JD Underground

Read Post
Sat, 03 May 2025 20:16:32 -0700
Andy from private IP, post #11564496

React 
 Like 
 Love 
 Haha 
 Wow 
 Sad 
 Angry   👍 
/all
Emergency maintenance: an unbelievable number of bots are crawling this site and are clogging up my log file

This is ridiculous.  95% of the traffic today is bots with forged user-agent strings that pretend to be various operating systems.  They are executing search
queries that each take 750 milliseconds and are causing the machine to have to work unreasonably hard.  I'm going to work on this right now and there may be
some errors, sorry about that.

#Programming #Technology 


Sat, 03 May 2025 20:55:47 -0700
Andy from private IP
Reply #13033143

React 
 Like 
 Love 
 Haha 
 Wow 
 Sad 
 Angry  
Done.  I temporarily disabled the post ID and reply ID links, which is where the traffic was coming from.  This is insane.  I shouldn't have to pay for A.I.
systems to learn by aggressively crawling my site pretending to be real users.  This is the same problem Wikipedia had, on a smaller scale.

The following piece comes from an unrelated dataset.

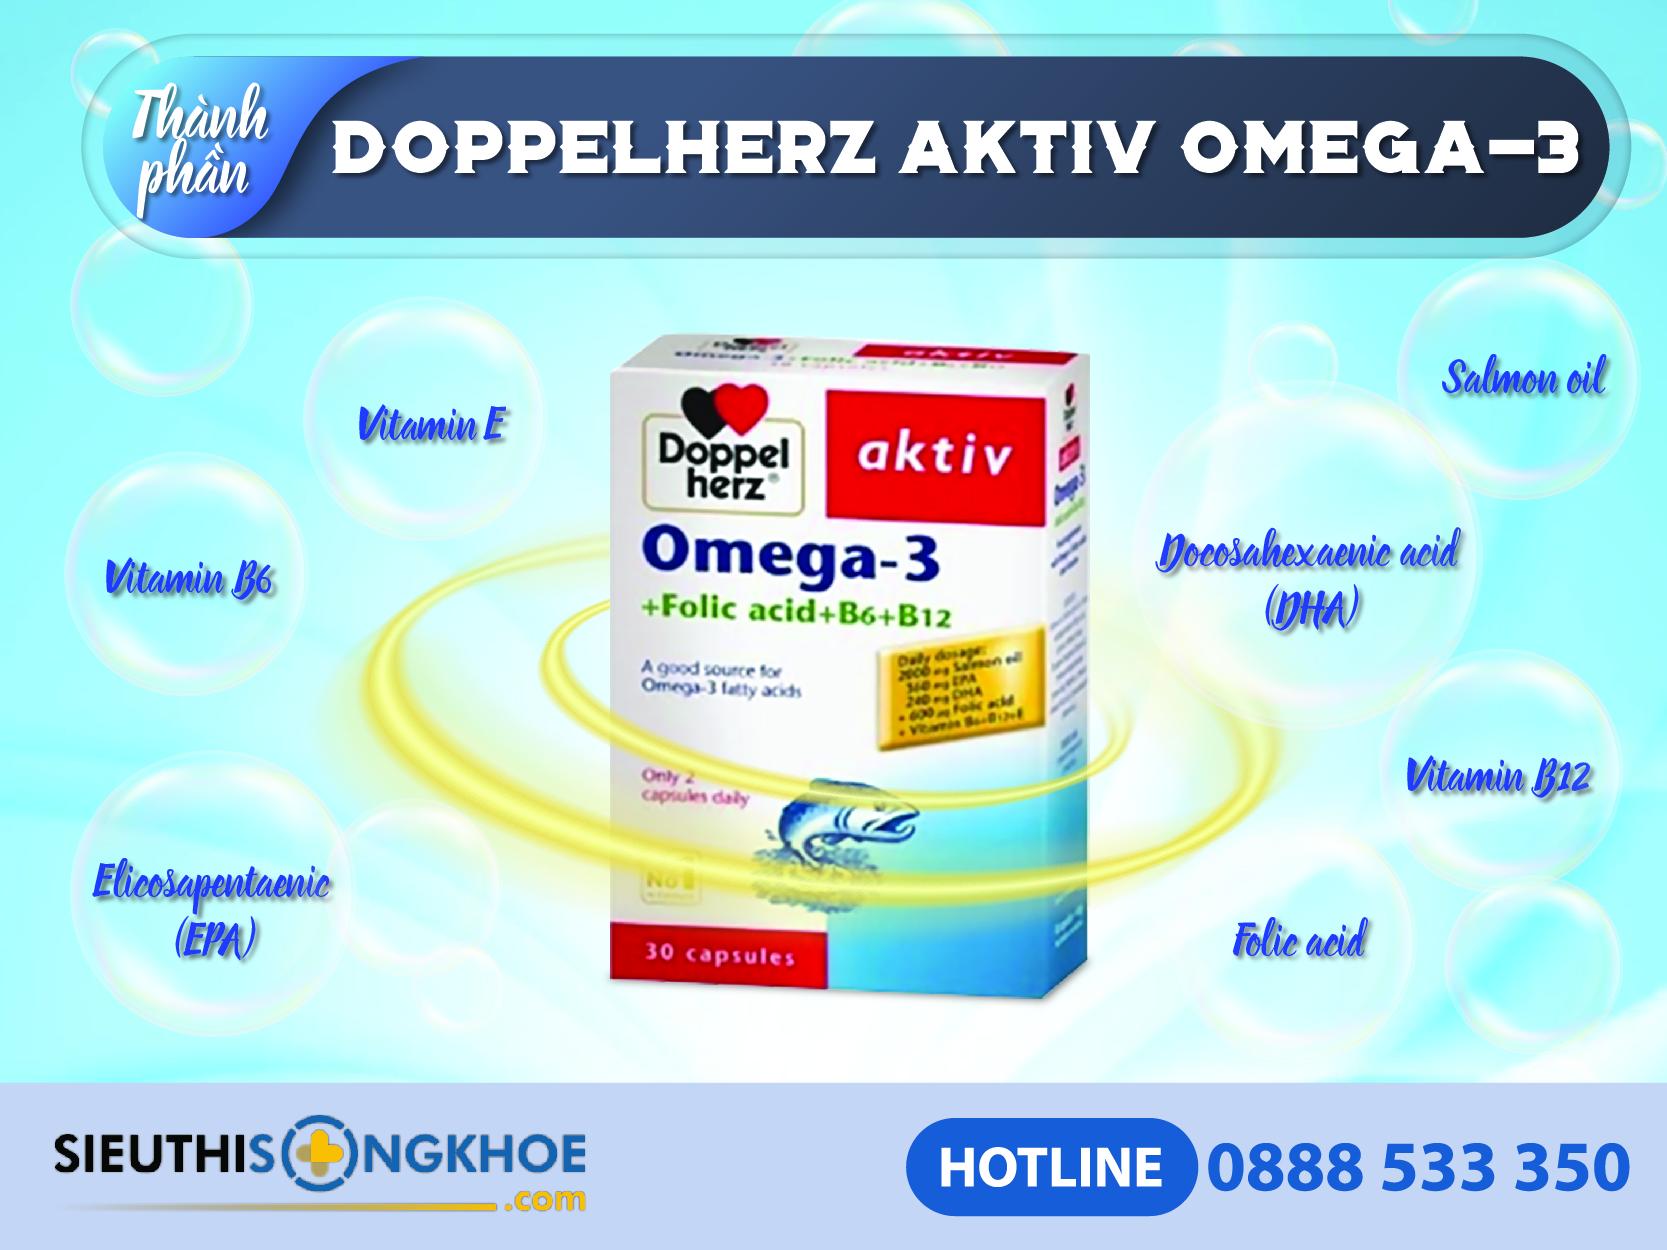 thanh phan dau ca doppelherz aktiv omega 3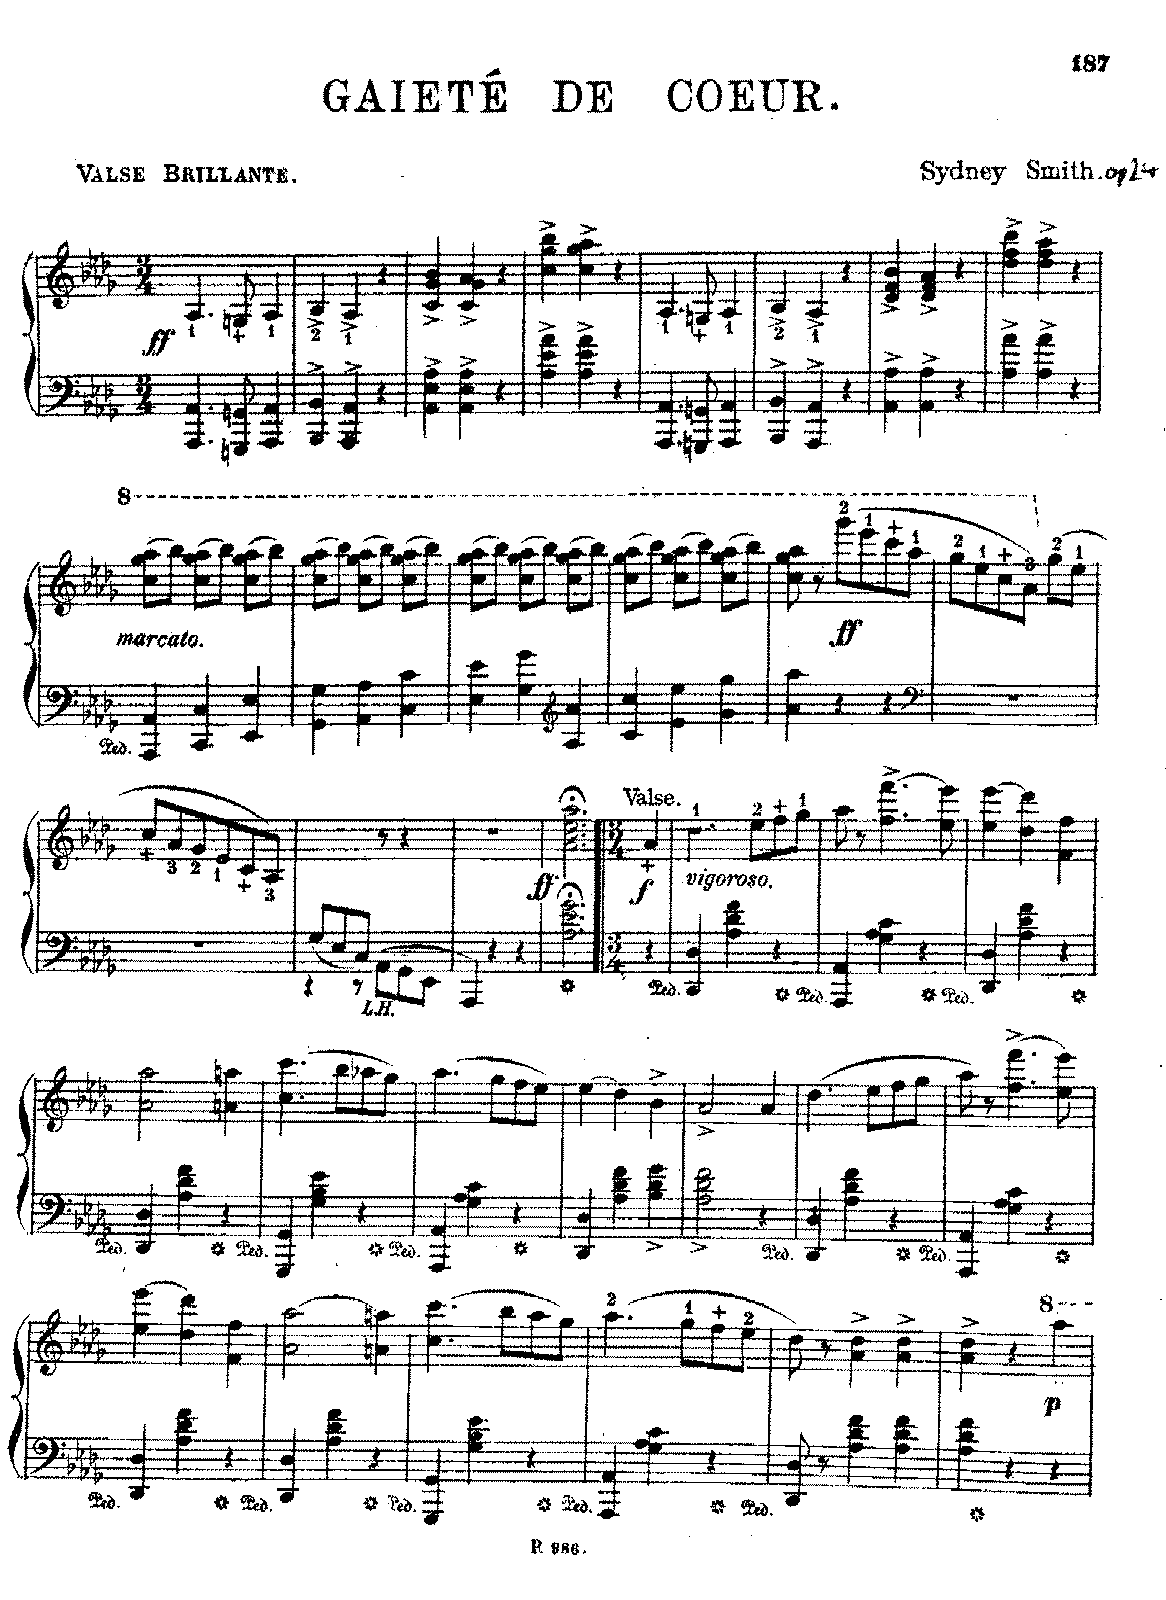 Gaieté de coeur, Op 24 (Smith, Sydney) - IMSLP/Petrucci Music

Sat, 03 May 2025 21:05:47 -0700
Andy from private IP
Reply #18363684

React 
 Like 
 Love 
 Haha 
 Wow 
 Sad 
 Angry  
I also improved something else that should slightly increase the performance of the site.  I have been copying the whole web server log every five minutes, then
reading the last 1000 lines of the file to get the active user list.  That is very inefficient with a log file that is growing larger by the day and is now 160
megabytes.  So I've set it to simply copy the last 2000 lines of the log file every five minutes, which is a much smaller task.  I'm testing it now and it works
perfectly.  No joke, I am the greatest lawyer-programmer in the world.


Sun, 04 May 2025 01:38:10 -0700
Wily from private IP
Reply #15454681

React 
 Like 
 Love 
 Haha 
 Wow 
 Sad 
 Angry  
Those must be the 327 guests. I really doubt there are more than 10 lurkers here at any time, if that.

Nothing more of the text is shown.